For this writer, so much of “Swiss Army Man” feels straight out of Ambrose Bierce’s 1891 fable “An Occurrence at Owl Creek Bridge,” which was adapted in an Oscar-winning French short film and introduced to domestic audiences as a segment on “The Twilight Zone” in 1964. You feel like you a watching a dream, a life that is flashing before your eyes, right before the noose tightens and the elation ends. The film carries an immensely fragile sense of hope that teeters ever so brilliantly on the edge between sympathy and madness. The dynamics of friendship, survival, and love all shine in hues unique and adventurous from any peer. If you can wrap your head around it, “Swiss Army Man” is wholly compelling and whimsically crafted.

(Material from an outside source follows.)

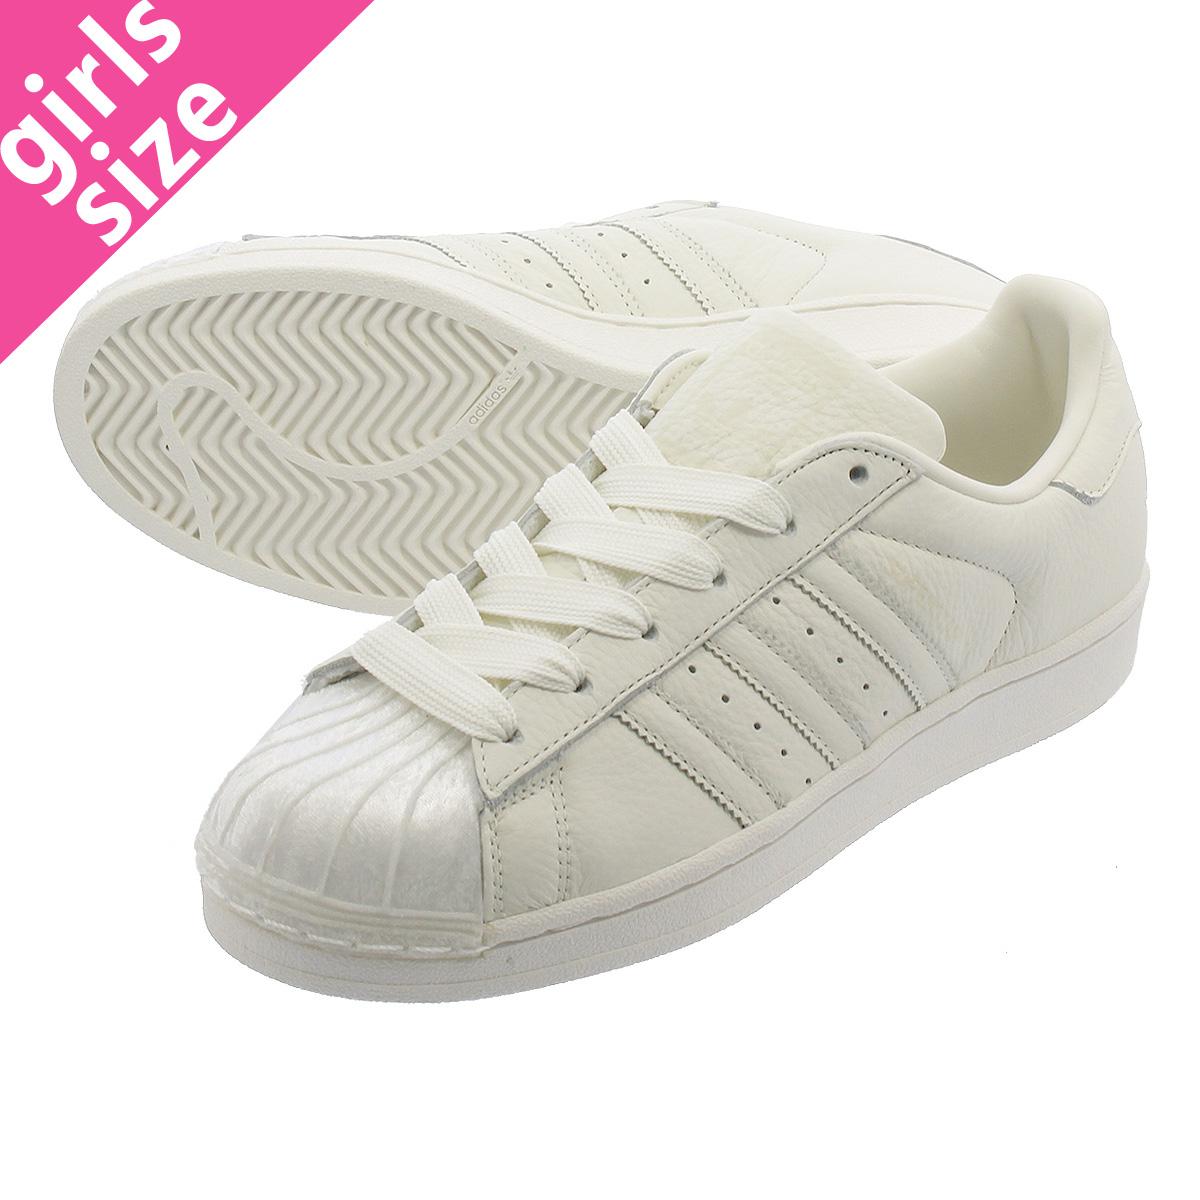 【大人気の女の子サイズ♪】 adidas SUPERSTAR W アディダス スーパースター W OFF WHITE/OFF WHITE/OFF WHITE cg6010

Winner of the Directing Award at the 2016 Sundance Film Festival, “Swiss Army Man” was conceived by the creative team of music video directors Daniel Kwan and Daniel Scheinert, collectively known as Daniels. They have unearthed a compelling tale of adventure and performance. Paul Dano has been the go-to actor of his generation to play the pathetic introvert bursting with agitation with his roles in “Love and Mercy,” “There Will Be Blood,” and “Ruby Sparks” among others. If you want a pensive sad-sack with dreams, you call Paul Dano. He outdoes his resume here with an amazing depiction of a character mixing frantic depression with a craving for human connection. Daniel Radcliffe, far removed from waving wands, conquers the physical difficulty of conveying a wealth of spirit out of frozen facial expressions and stunted utterances that grow to jovial conversation. “Weekend at Bernie’s” has nothing on this performance. Together, the pair makes pure magic out of obscure circumstances.
Where the canyon between embrace and disdain will be carved for “Swiss Army Man” is in its content. The pervasive oddity present every scenario is a tough sell for general audiences. To nitpick, the Daniels go to the flatulence and erection wells more than one too many times for repetitive cheap giggles. Apart from the commendable imagination that oozes from its living and decaying pores, there are many moments where one could easily see dullness and emptiness. Some might step back, marvel on the absurdity of it all, and not see a prevailing point. Such would be fair as this film is a challenge and a leap of faith with a different reward or reaction for everyone. It tests your capacity for mixing the bizarre with the compassionate as to how you are willing to view the world.
LESSON #1: IMAGINATION INNATELY COMES WITH STRANGENESS—Our imaginations and hallucinations take us to strange places, period. You might call a man imaging himself using a farting corpse as a jet ski weird, but there is a good chance a few of your own dreams are just as ghastly, kooky, outlandish, flaky or preternatural. Our minds are that strange and powerful. Call it par for the course and embrace it.
LESSON #2: THE PROSPECT OF DEATH MAKES ONE APPRECIATE LIFE—Like “Wilson” the volleyball in “Cast Away,” giving imagined life to Manny out of death allows Hank to appreciate life, especially his own. The fact that death is the ultimate ending is one aspect that makes life so precious. You get a big dose of that from Manny and Hank.
LESSON #3: WE ALL WANT SOMEONE TO LOVE AND TO BE LOVED—Happiness comes in many forms and one’s life can be affirmed by any one of those incarnations, be it romantic love or friendly companionship. We are a social species that was not meant to go through life alone or unattended. Beyond all of Hank’s fanciful reflection, we find he’s been without love of any form for far too long.